[[ RECORDED DATA open ]]

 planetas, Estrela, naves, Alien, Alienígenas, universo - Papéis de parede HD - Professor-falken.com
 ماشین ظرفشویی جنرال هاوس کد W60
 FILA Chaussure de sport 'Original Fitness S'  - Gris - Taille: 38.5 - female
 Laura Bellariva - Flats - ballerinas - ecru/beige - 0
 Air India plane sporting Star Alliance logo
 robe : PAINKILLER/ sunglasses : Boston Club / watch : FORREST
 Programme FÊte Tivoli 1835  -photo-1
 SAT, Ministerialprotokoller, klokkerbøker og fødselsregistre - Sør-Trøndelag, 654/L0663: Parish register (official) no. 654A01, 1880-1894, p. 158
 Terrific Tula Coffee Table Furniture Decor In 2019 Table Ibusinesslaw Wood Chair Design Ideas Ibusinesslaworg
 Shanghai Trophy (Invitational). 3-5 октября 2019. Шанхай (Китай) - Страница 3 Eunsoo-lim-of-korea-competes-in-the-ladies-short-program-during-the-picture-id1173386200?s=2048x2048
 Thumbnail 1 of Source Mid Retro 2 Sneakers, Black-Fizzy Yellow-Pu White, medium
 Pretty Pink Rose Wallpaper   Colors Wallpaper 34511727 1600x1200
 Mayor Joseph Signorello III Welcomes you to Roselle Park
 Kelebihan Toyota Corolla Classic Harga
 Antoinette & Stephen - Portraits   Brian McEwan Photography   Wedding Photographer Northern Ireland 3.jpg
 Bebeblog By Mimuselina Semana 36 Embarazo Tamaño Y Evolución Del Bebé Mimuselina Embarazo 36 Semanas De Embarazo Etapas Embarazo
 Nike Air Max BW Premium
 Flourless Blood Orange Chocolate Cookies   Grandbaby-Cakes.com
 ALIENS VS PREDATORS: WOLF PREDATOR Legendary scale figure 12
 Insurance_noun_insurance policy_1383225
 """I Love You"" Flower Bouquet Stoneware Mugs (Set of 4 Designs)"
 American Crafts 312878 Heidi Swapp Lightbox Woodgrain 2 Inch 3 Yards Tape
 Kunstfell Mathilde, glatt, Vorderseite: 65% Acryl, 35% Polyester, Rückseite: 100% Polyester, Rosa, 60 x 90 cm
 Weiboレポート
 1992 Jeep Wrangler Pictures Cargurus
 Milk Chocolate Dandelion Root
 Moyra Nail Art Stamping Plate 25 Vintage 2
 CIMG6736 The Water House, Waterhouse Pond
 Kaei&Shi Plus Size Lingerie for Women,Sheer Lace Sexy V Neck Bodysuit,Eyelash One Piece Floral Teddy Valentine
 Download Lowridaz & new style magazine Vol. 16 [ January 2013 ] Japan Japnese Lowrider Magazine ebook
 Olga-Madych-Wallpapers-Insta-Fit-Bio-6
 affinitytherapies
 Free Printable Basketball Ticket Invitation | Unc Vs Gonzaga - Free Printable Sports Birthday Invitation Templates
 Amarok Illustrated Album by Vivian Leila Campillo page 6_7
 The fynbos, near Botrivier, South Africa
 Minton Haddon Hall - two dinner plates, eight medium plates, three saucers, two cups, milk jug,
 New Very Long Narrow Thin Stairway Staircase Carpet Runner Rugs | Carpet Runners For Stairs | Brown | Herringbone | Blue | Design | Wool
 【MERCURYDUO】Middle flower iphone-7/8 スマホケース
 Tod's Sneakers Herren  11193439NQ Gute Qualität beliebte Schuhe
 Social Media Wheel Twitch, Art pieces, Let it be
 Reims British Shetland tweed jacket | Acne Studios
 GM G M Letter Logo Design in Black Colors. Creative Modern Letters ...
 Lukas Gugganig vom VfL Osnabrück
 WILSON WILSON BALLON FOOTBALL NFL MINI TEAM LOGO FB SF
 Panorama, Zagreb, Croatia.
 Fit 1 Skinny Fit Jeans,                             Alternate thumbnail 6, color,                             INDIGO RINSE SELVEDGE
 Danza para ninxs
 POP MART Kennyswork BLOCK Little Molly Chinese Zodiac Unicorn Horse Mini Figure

[[ RECORDED DATA closed ]]

* **EXERCISE REQUIREMENTS**
Search the entries for the word "Chocolate" and copy every line that holds it.

* **REPLY**
 Flourless Blood Orange Chocolate Cookies   Grandbaby-Cakes.com
 Milk Chocolate Dandelion Root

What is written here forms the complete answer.